--- Your assignment ---
Dropping every picture, set down exactly the lines in the entries below, starting with the line with "Danielle Fishel as" and going on through the line with "Tilting Pan Twin".

--- The data ---
_____

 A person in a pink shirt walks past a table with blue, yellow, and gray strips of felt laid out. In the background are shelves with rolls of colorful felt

_____

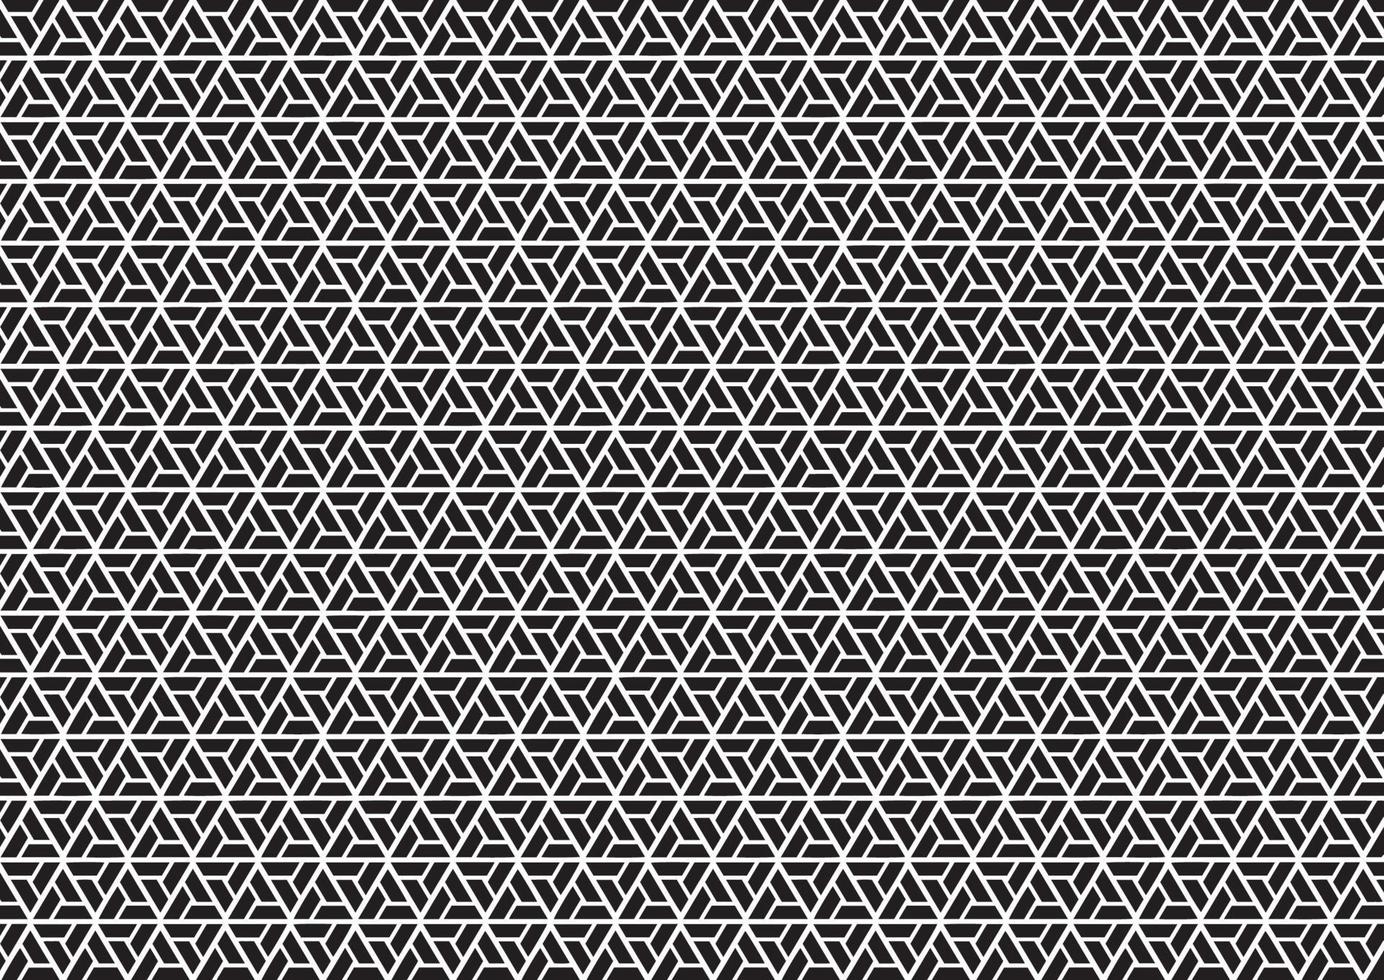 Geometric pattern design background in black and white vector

_____

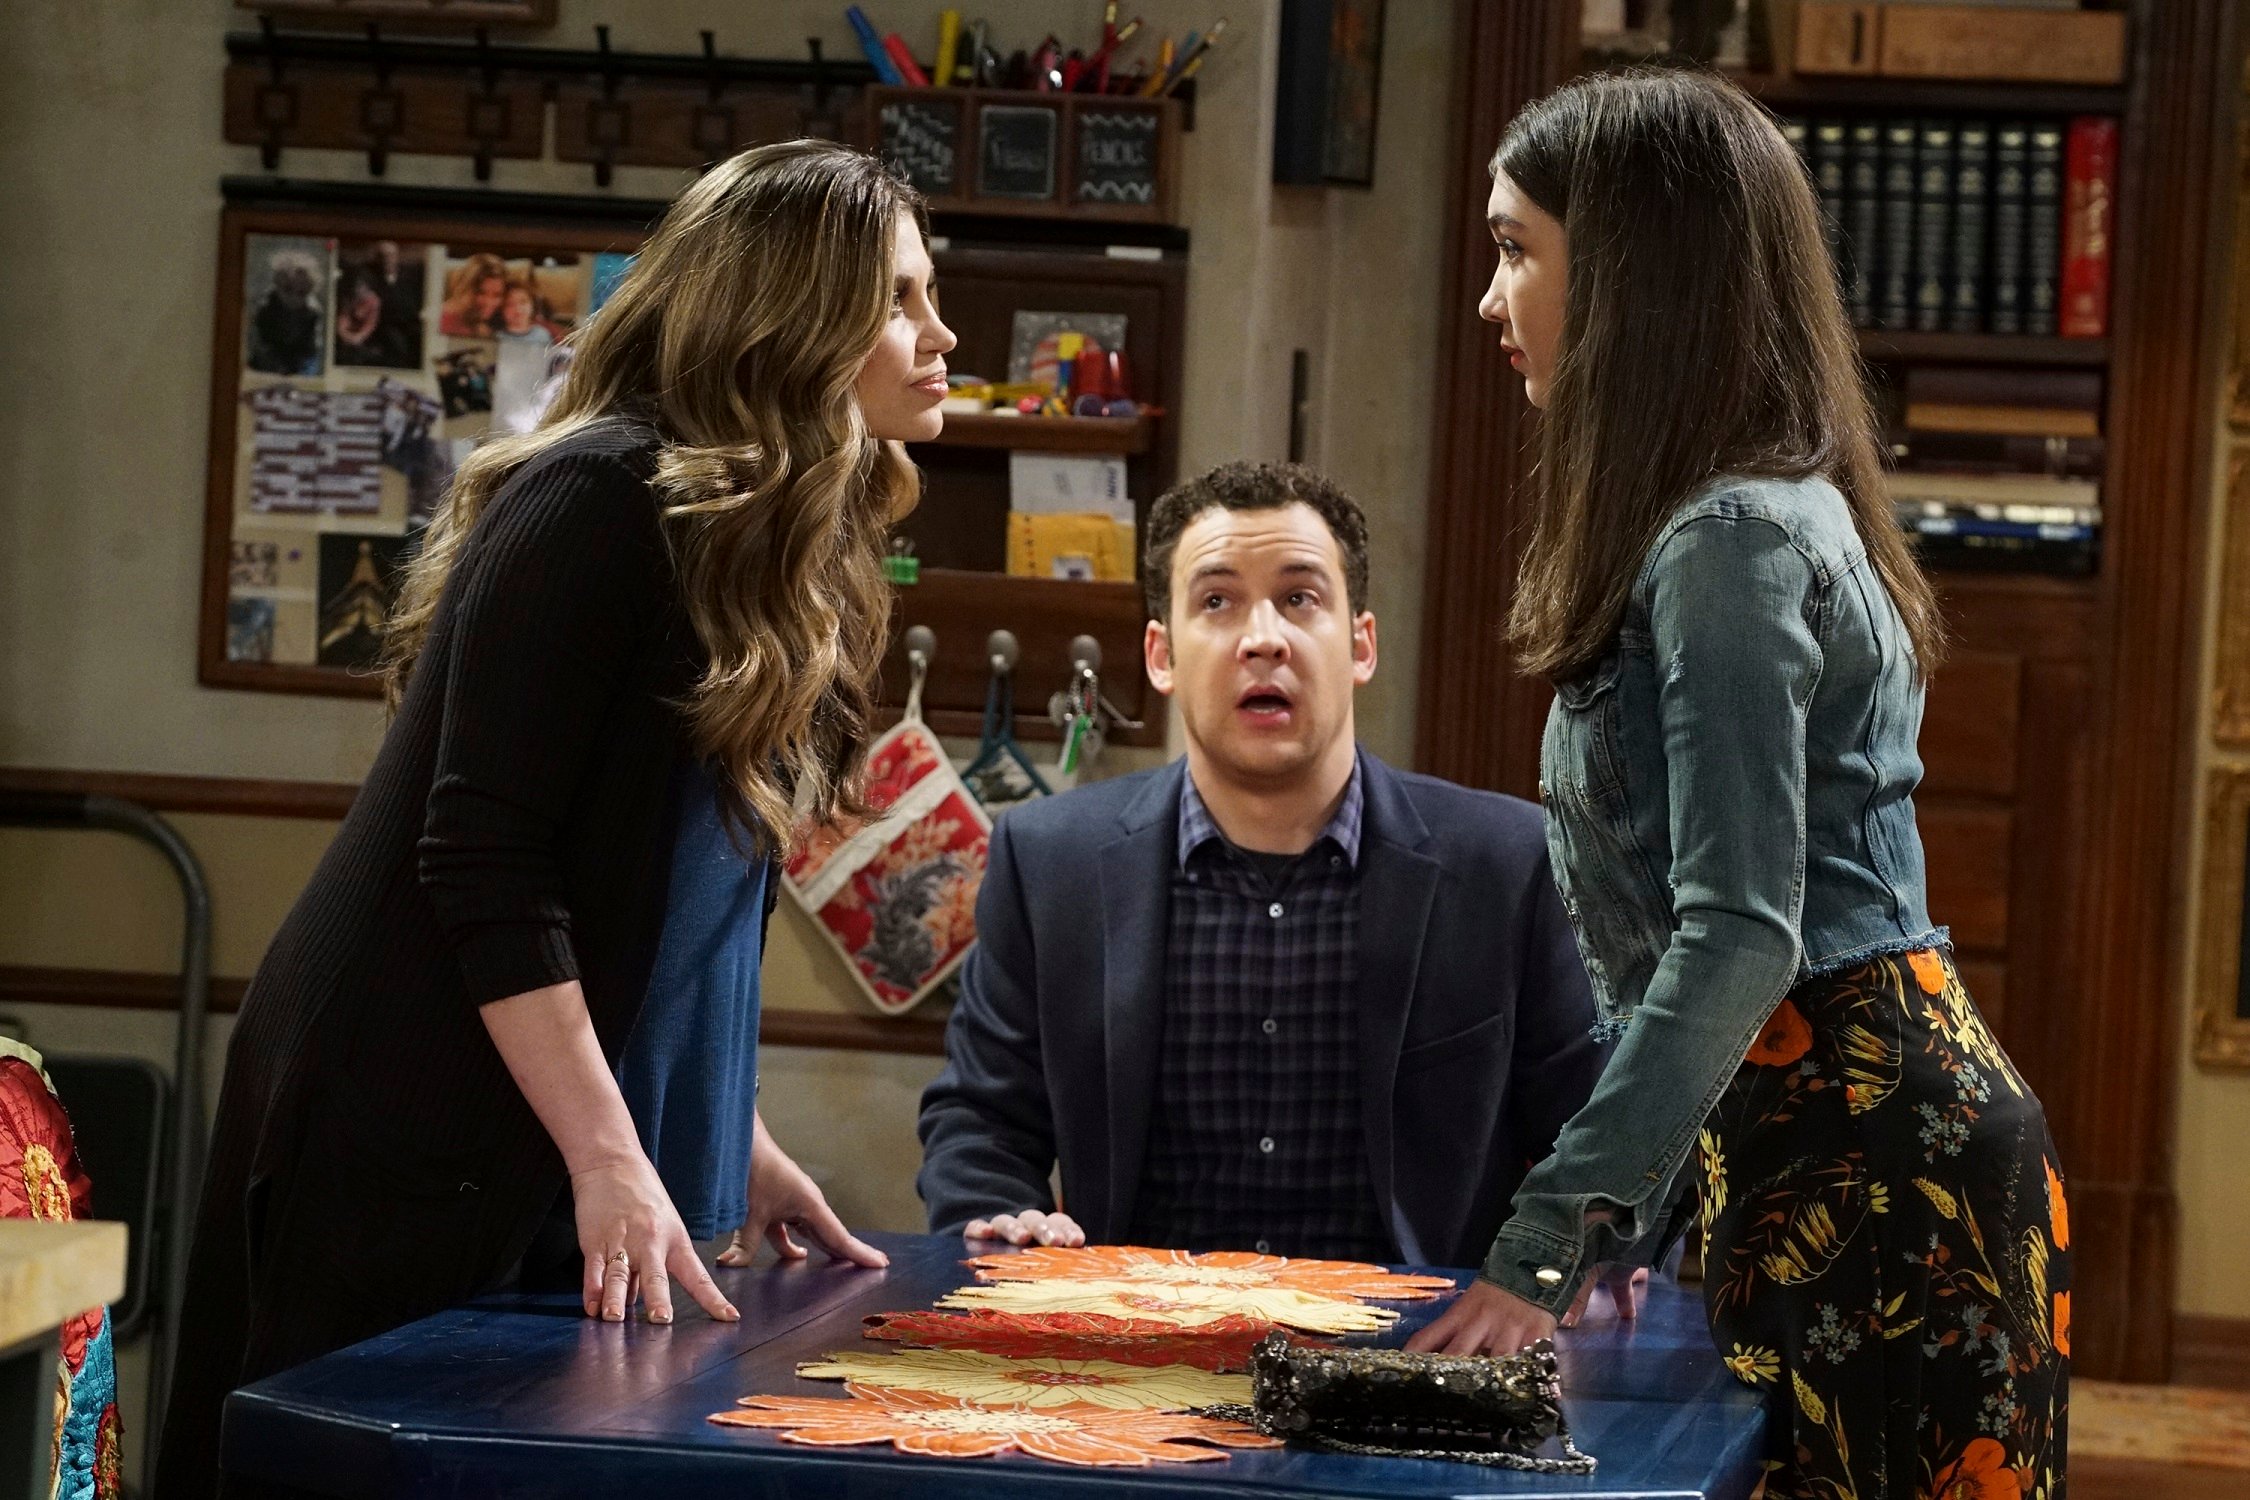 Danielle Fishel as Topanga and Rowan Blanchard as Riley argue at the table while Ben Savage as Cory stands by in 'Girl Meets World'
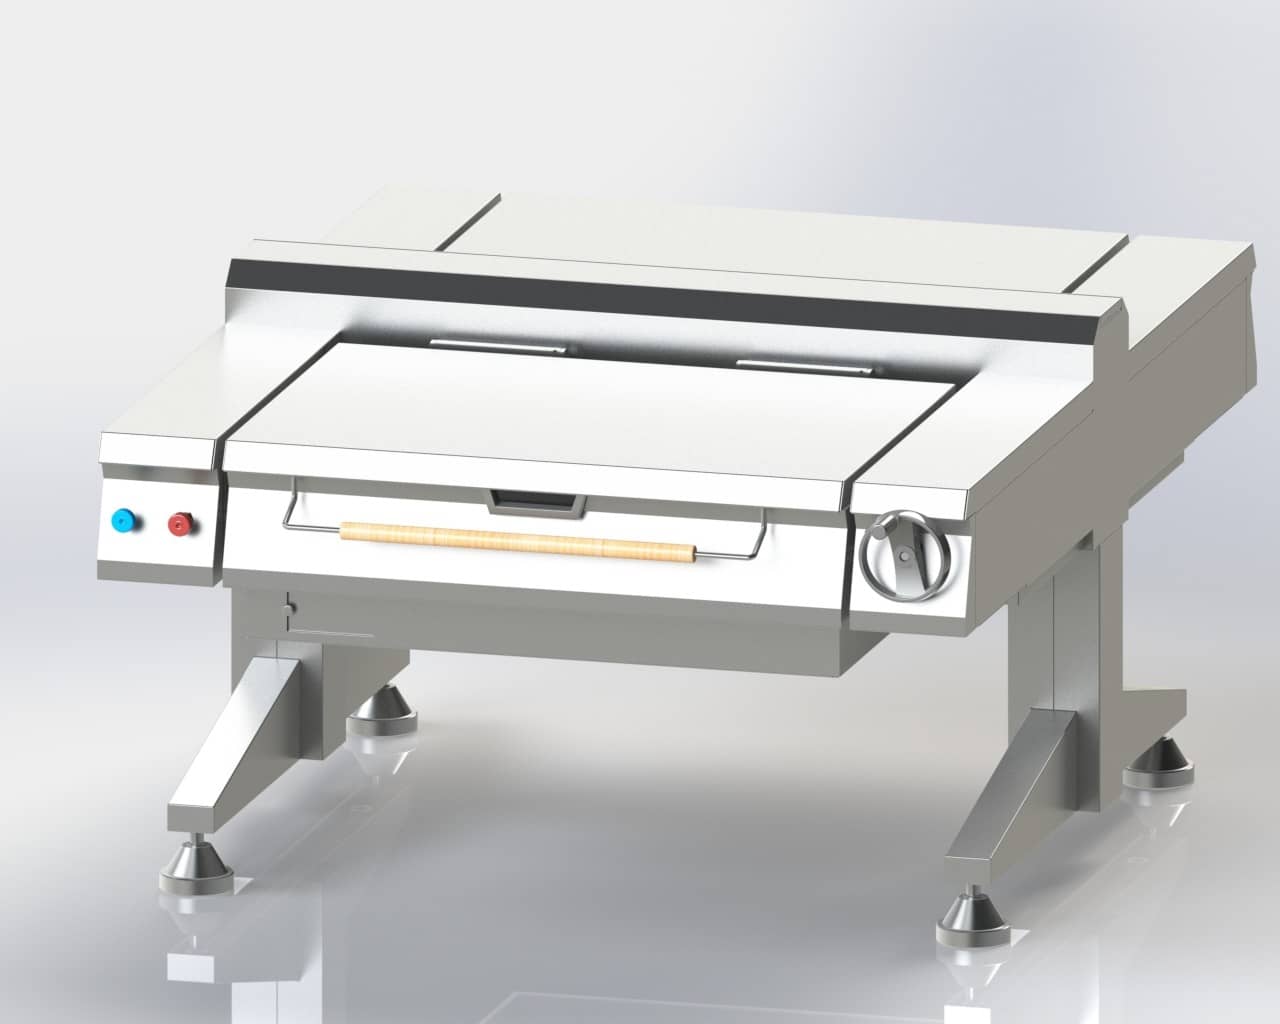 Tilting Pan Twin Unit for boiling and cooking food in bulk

_____

--- Output ---
 Danielle Fishel as Topanga and Rowan Blanchard as Riley argue at the table while Ben Savage as Cory stands by in 'Girl Meets World'
 Tilting Pan Twin Unit for boiling and cooking food in bulk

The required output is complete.